Cellules et facteurs impliqués 1. Cellules endothéliales
B Les cellules endothéliales constituent une monocouche tapissant la paroi vasculaire qui est un lieu d’échange permanent, sélectif, séparant le secteur intravasculaire du sous-endothélium. À l’état physiologique, l’endothélium exprime des propriétés antiplaquettaires, anticoagulantes et donc antithrombotiques qui peuvent être altérées lors de circonstances pathologiques.
2. Plaquettes Les plaquettes circulent normalement à l’état non activé. Elles portent à leur surface des récepteurs, dont les plus importants sont la glycoprotéine GPIb, le complexe glycoprotéinique GPIIb/ IIIa (ou intégrine αII
β3) et d’autres récepteurs pour le collagène, la thrombine, l’adrénaline et
l’ADP notamment. Ces glycoprotéines permettent aussi aux plaquettes de se lier spécifiquement à certaines protéines comme le vWF et le fibrinogène. Dans certaines circonstances, les plaquettes sont capables de s’activer en changeant de forme et en libérant le contenu de leurs
granules de stockage (en particulier du vWF, de l’ADP et du fibrinogène).
- Facteur Willebrand Le vWF est une grosse protéine multimérique, complexée avec le facteur VIII (FVIII, facteur antihémophilique A) ; sa taille est régulée par une métalloprotéinase, ADAMTS13. Présent dans le plasma, le sous-endothélium et les plaquettes, le vWF forme une sorte de « colle » pour les plaquettes qui se fixent au vaisseau lésé par l’intermédiaire de la GPIb et de GPIIb/IIIa. Pour exercer ce rôle, le vWF change de forme et s’allonge, ce qui lui permet d’augmenter le nombre de sites de liaison aux plaquettes. Le vWF se fixe aussi au collagène présent dans le
sous-endothélium.4. Fibrinogène Le fibrinogène abondant dans le plasma et présent aussi dans les plaquettes est synthétisé par le foie. L’agrégation plaquettaire consiste en l’établissement de ponts entre les GPIIb/IIIa de
différentes plaquettes mis en place grâce aux molécules de fibrinogène.

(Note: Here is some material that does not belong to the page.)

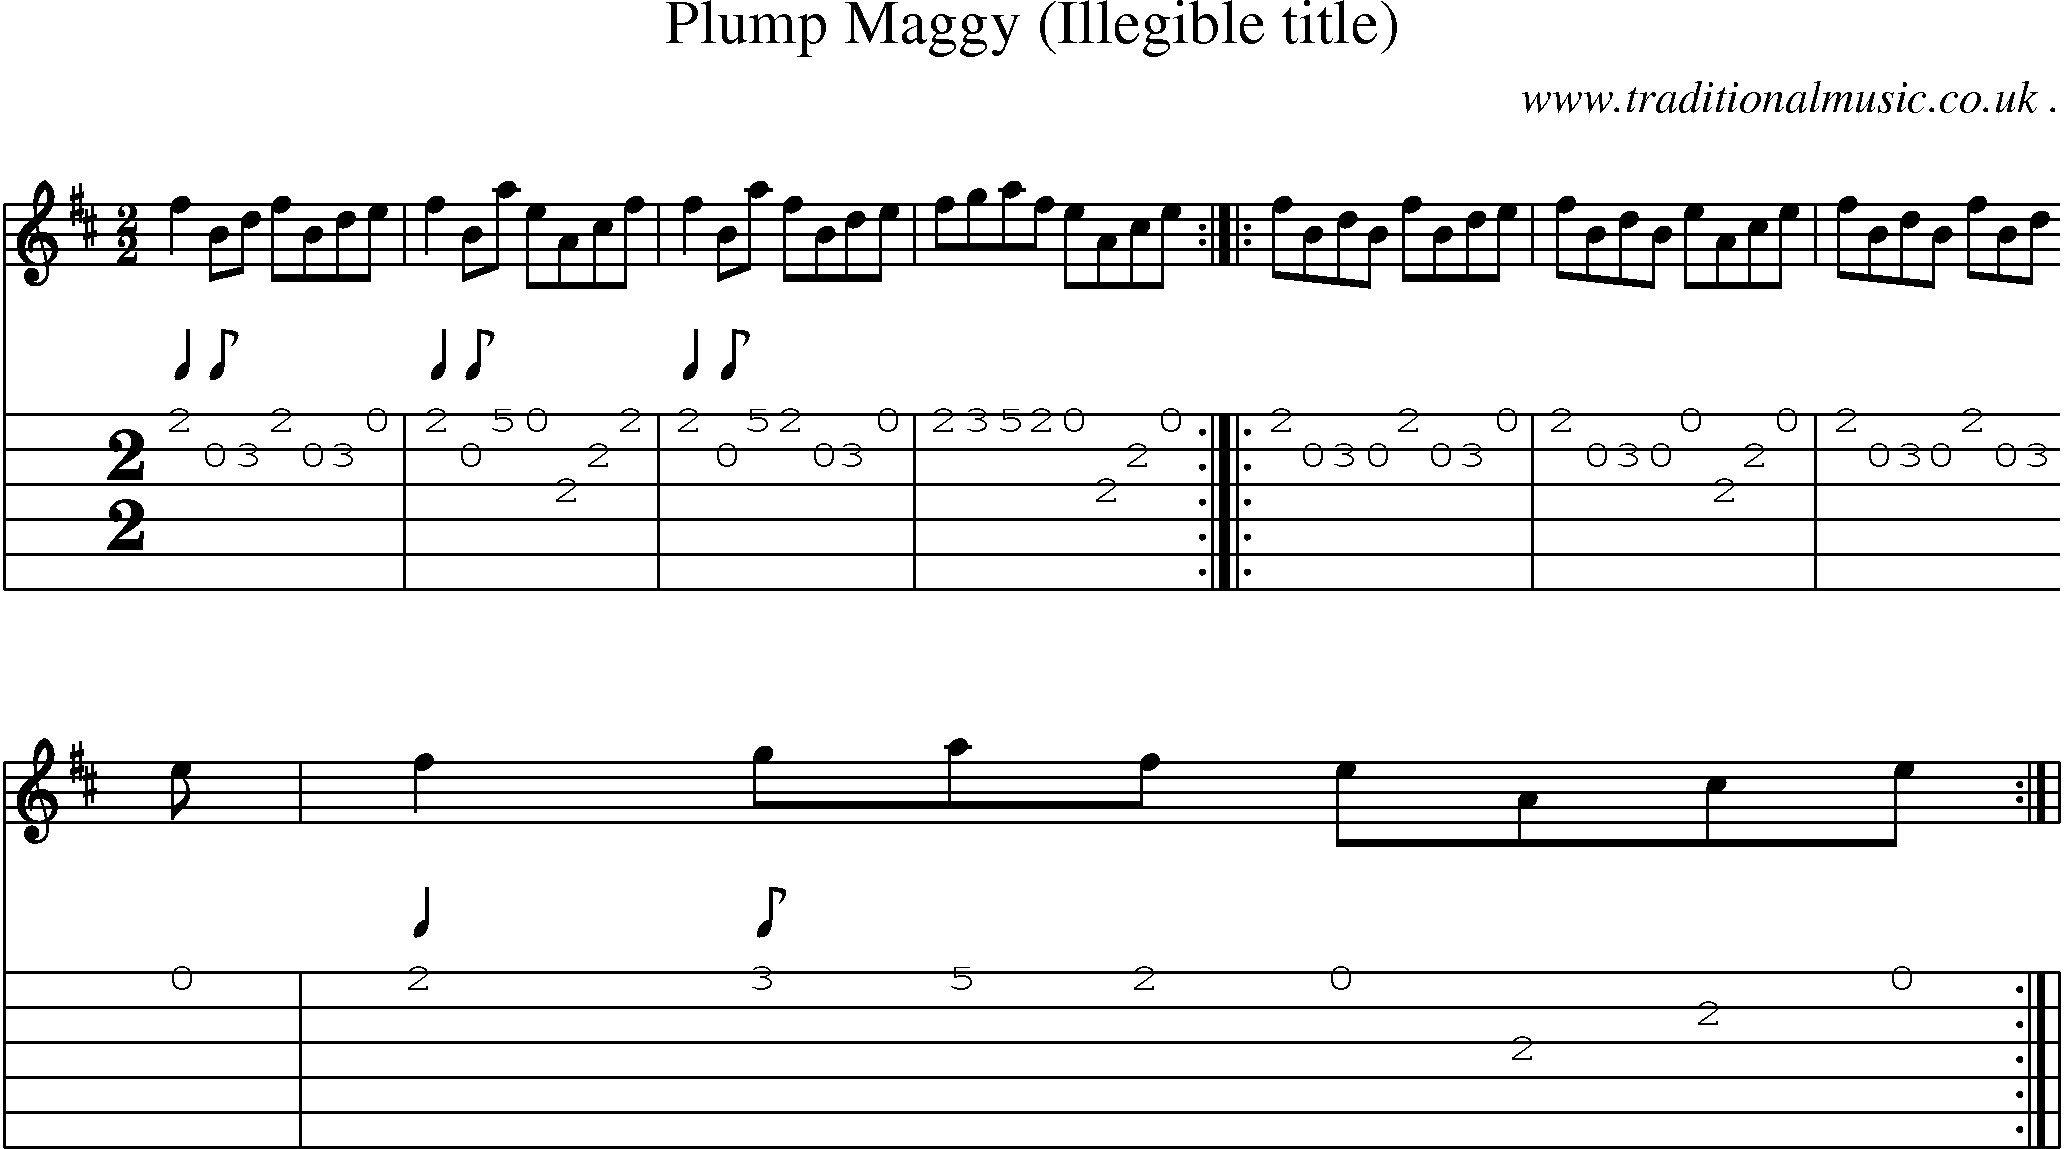 Sheet-Music and Guitar Tabs for Plump Maggy (illegible Title)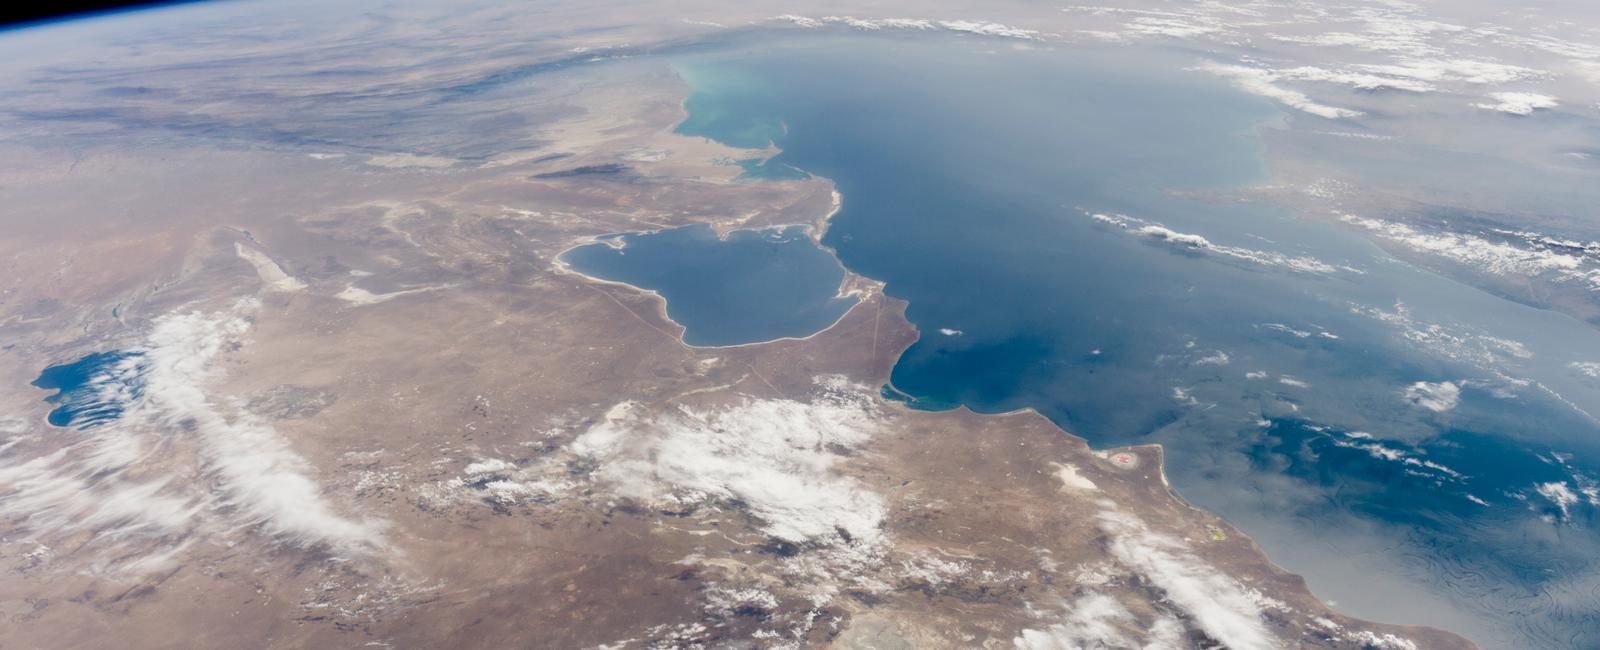 Until 11 million years ago the caspian sea was elevated above land but this changed due to plate tectonics and other advanced geological phenomena

B. Déroulement du processus Le déroulement de l’hémostase primaire comprend, schématiquement, trois temps : un temps vasculaire, un temps d’adhérence plaquettaire et l’agrégation plaquettaire.
1. Temps vasculaire
Le temps vasculaire comporte une vasoconstriction quasi immédiate mise en jeu par des médiateurs d’origine plaquettaire, endothéliale ou neurovégétative. Cette vasoconstriction a pour effet de réduire voire d’arrêter (dans les petits capillaires) le flux sanguin et donc de favoriser une hémostase initiale.
2. Adhérence plaquettaire
L’adhérence est une interaction entre les plaquettes et le sous-endothélium auquel elles vont se fixer. Elle est assurée essentiellement par l’intermédiaire du vWF qui établit un pont entre les glycoprotéines Ib plaquettaires et le sous-endothélium. Elle est plus efficace dans les petits vaisseaux et notamment les capillaires artériels. Le collagène du sous-endothélium joue également un rôle important dans l’adhérence plaquettaire en se fixant à des glycoprotéines plaquettaires spécifiques et au vWF.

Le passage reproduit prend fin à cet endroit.